While it's great to finally get to hear these songs and see Felker back on stage to present them, the disc unfortunately serves as more of a retro-'90s fix for anyone who misses Edgefest in Mohawk Park, flannel shirts and Seattle grunge. --G.H.
Solo Good
Conor Oberst
Conor Oberst
Merge Records
After last year's overwrought Cassadega, Bright Eyes went into hiding, temporarily shed his nom de plume and recorded what amounts to his most mature, realized work yet.
He used to be the king of indie-angst. Fevers and Mirrors and Lifted are both classic angry teenager albums that had the distinct advantage of coming from one extremely literate, self-effacing angry teenager who was able to make cursing one's parents while crying in the bathroom seem... not pathetic. He's been called this generation's Bob Dylan (we'll see), and he single-handedly turned Omaha, Nebraska into an indie mecca for about fifteen minutes back in 2005. He's played with Emmylou Harris and The Boss, founded two record labels, battled drug addiction and cursed the president on the Tonight Show. In short, he's a rock star.
But now, at 29, Conor Oberst is allowing himself to evolve as a musician and grow as a person. No longer the sarcastic, snot-nosed screamer (circa Fevers), nor the politically active bohemian New Yorker (circa I'm Wide Awake It's Morning--still his best under the Bright Eyes banner), Oberst now seems to be just comfortably existing. And it's all over this album, his first "solo" album in 13 years.

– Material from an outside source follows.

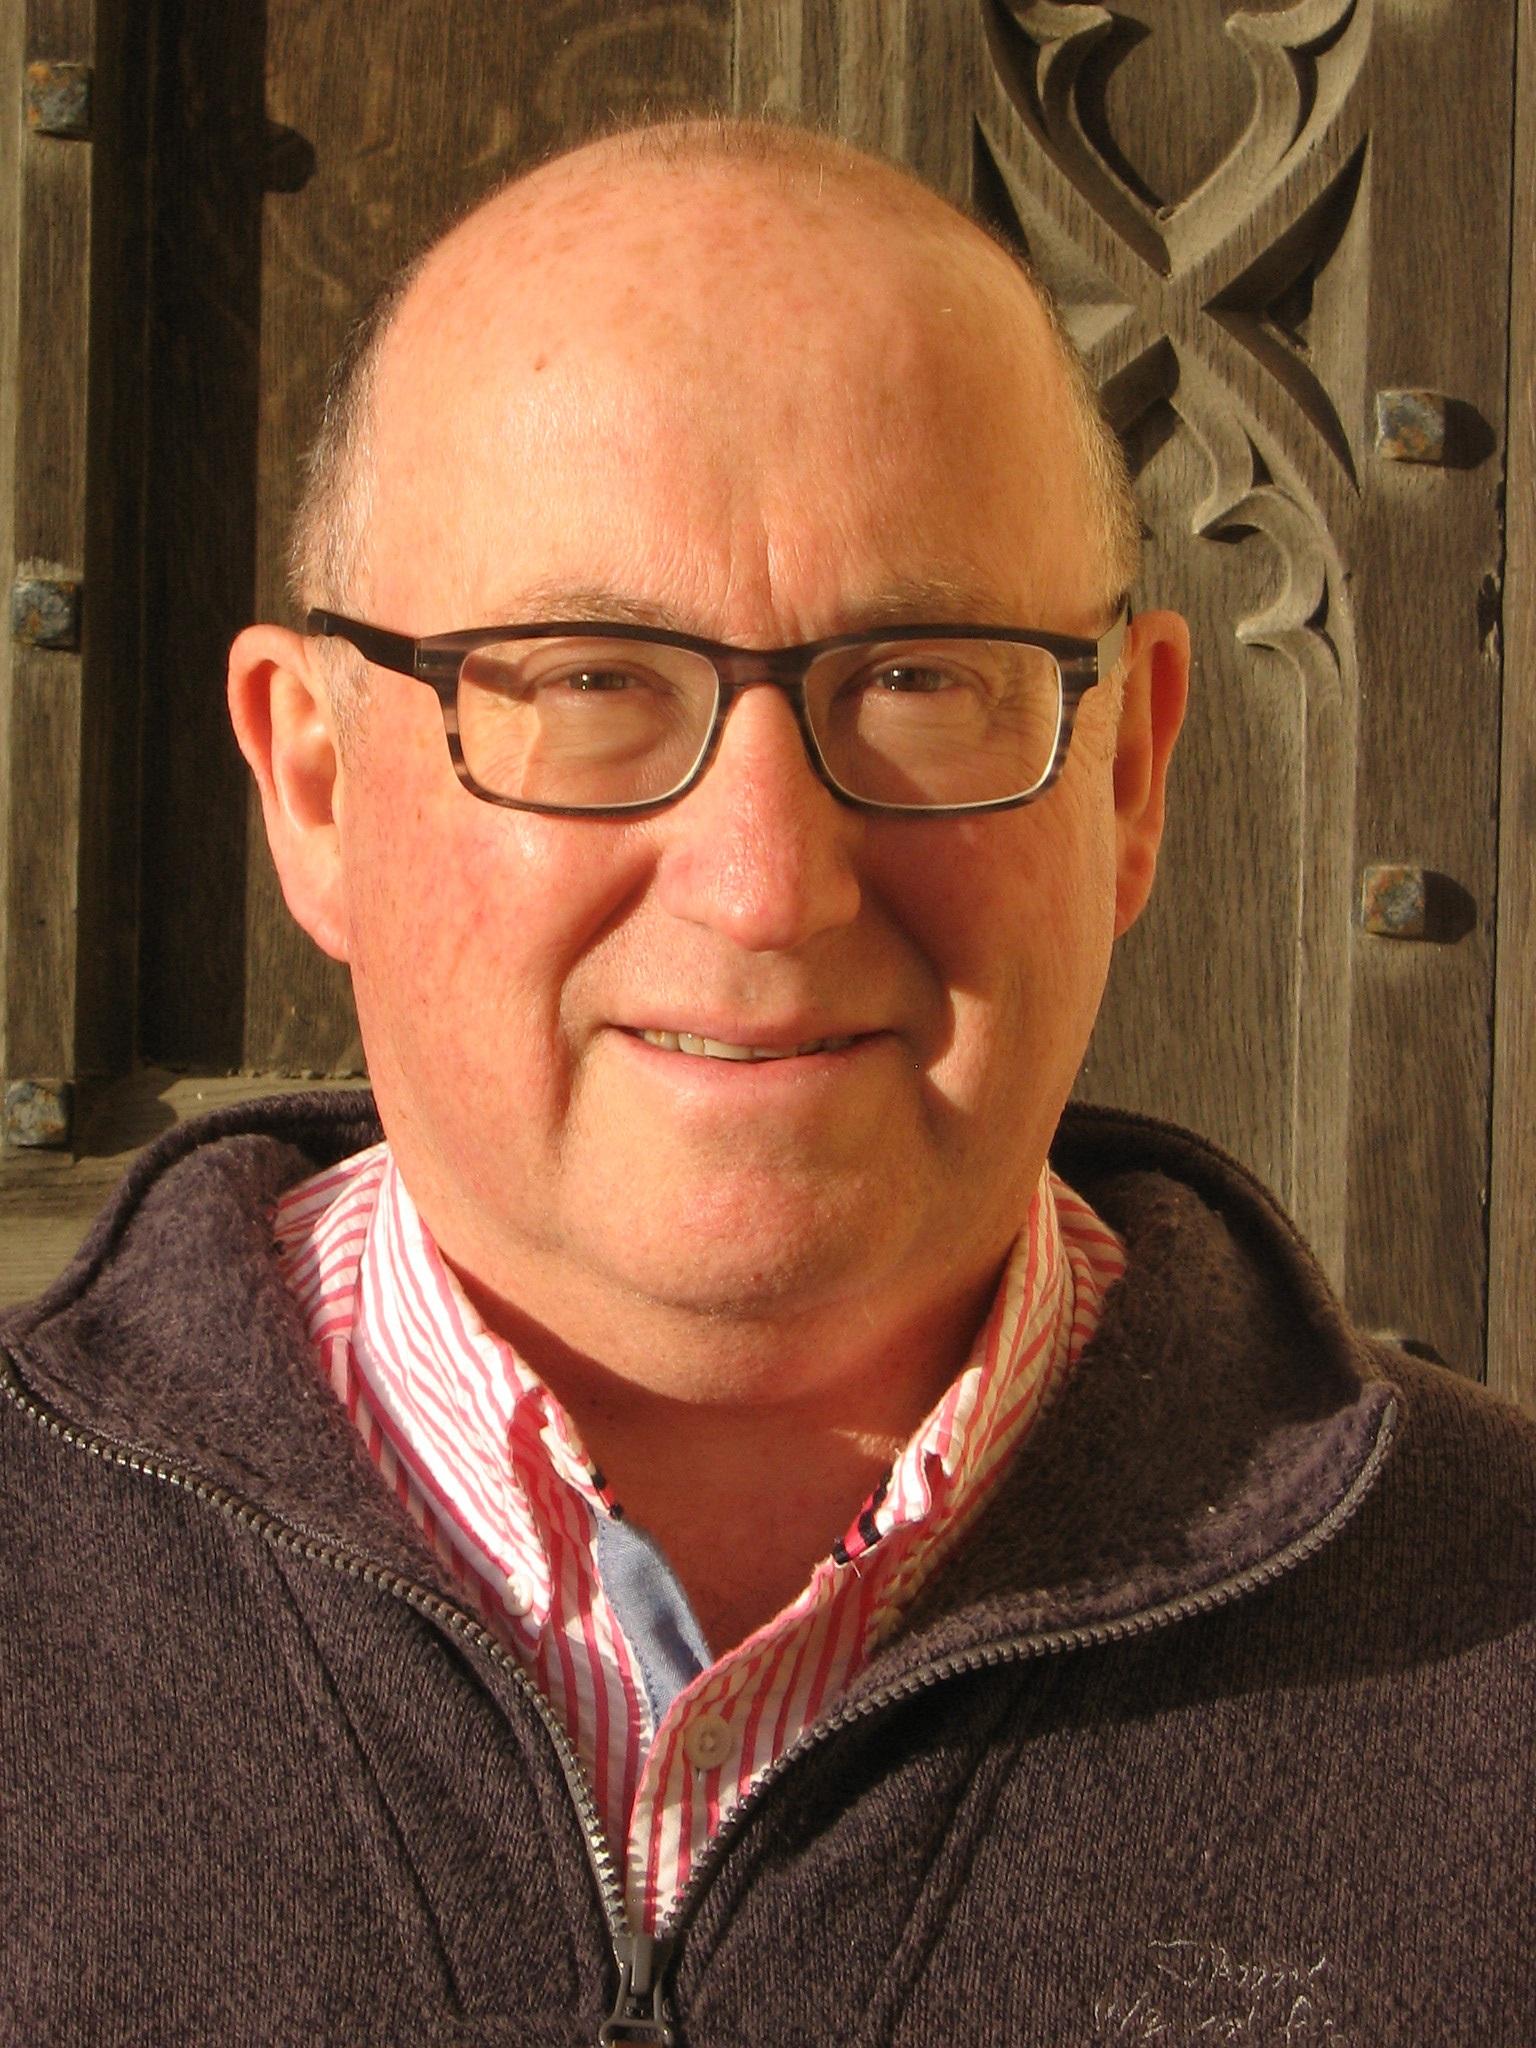 Press Release: Mark Collard Joins Rubicon Heritage

The music is firmly rooted in Americana, folk, and country, more so than any of his previous work. Songs like "I Don't Want To Die (in a hospital)" and "Souled Out!!" might easily find homes as foot-stompers in a honky-tonk, while "Cape Canaveral" and "Milk Thistle" bookend the album with an unusually restrained Oberst quietly singing the kind of stripped-down, haunted folk that'd make Elliott Smith proud.
It's a modest album but another big step forward--Oberst now exists not as a hype machine, but as a musician. Deservingly so--if he continues to write and evolve at this rate (an album a year, give or take), he may eventually deserve those "next Bob Dylan" statements. For now though, he deserves respect for just being Conor Oberst. --J.K.